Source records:
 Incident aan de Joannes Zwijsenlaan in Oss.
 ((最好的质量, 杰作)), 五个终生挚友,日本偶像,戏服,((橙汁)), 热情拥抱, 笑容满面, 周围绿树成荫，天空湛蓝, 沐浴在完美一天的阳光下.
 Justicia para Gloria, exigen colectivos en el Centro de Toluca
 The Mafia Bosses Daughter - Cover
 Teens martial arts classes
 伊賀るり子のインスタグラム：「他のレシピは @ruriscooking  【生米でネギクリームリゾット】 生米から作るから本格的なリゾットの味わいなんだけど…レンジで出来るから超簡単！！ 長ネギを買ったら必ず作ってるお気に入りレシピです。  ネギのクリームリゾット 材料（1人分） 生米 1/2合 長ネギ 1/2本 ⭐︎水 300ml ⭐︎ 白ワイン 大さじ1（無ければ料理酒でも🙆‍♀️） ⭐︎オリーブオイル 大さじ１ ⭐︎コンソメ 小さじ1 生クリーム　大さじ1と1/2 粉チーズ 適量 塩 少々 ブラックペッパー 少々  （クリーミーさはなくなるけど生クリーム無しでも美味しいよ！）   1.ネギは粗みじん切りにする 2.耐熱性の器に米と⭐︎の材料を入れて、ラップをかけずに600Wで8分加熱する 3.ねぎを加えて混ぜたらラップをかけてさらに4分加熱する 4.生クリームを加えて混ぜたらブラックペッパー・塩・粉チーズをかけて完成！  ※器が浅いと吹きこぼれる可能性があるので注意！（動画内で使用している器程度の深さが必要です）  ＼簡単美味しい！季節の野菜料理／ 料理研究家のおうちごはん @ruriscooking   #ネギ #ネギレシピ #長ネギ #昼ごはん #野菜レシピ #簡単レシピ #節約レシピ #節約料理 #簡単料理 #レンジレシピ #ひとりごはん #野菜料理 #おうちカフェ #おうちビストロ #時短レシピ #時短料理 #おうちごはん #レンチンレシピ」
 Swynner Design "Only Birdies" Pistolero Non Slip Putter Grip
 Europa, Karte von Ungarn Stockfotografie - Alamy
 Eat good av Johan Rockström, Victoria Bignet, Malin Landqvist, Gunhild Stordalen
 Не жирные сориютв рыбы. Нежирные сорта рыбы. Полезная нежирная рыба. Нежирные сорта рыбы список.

• Required work:
Return every entry exactly as given.

• Output below:
 Incident aan de Joannes Zwijsenlaan in Oss.
 ((最好的质量, 杰作)), 五个终生挚友,日本偶像,戏服,((橙汁)), 热情拥抱, 笑容满面, 周围绿树成荫，天空湛蓝, 沐浴在完美一天的阳光下.
 Justicia para Gloria, exigen colectivos en el Centro de Toluca
 The Mafia Bosses Daughter - Cover
 Teens martial arts classes
 伊賀るり子のインスタグラム：「他のレシピは @ruriscooking  【生米でネギクリームリゾット】 生米から作るから本格的なリゾットの味わいなんだけど…レンジで出来るから超簡単！！ 長ネギを買ったら必ず作ってるお気に入りレシピです。  ネギのクリームリゾット 材料（1人分） 生米 1/2合 長ネギ 1/2本 ⭐︎水 300ml ⭐︎ 白ワイン 大さじ1（無ければ料理酒でも🙆‍♀️） ⭐︎オリーブオイル 大さじ１ ⭐︎コンソメ 小さじ1 生クリーム　大さじ1と1/2 粉チーズ 適量 塩 少々 ブラックペッパー 少々  （クリーミーさはなくなるけど生クリーム無しでも美味しいよ！）   1.ネギは粗みじん切りにする 2.耐熱性の器に米と⭐︎の材料を入れて、ラップをかけずに600Wで8分加熱する 3.ねぎを加えて混ぜたらラップをかけてさらに4分加熱する 4.生クリームを加えて混ぜたらブラックペッパー・塩・粉チーズをかけて完成！  ※器が浅いと吹きこぼれる可能性があるので注意！（動画内で使用している器程度の深さが必要です）  ＼簡単美味しい！季節の野菜料理／ 料理研究家のおうちごはん @ruriscooking   #ネギ #ネギレシピ #長ネギ #昼ごはん #野菜レシピ #簡単レシピ #節約レシピ #節約料理 #簡単料理 #レンジレシピ #ひとりごはん #野菜料理 #おうちカフェ #おうちビストロ #時短レシピ #時短料理 #おうちごはん #レンチンレシピ」
 Swynner Design "Only Birdies" Pistolero Non Slip Putter Grip
 Europa, Karte von Ungarn Stockfotografie - Alamy
 Eat good av Johan Rockström, Victoria Bignet, Malin Landqvist, Gunhild Stordalen
 Не жирные сориютв рыбы. Нежирные сорта рыбы. Полезная нежирная рыба. Нежирные сорта рыбы список.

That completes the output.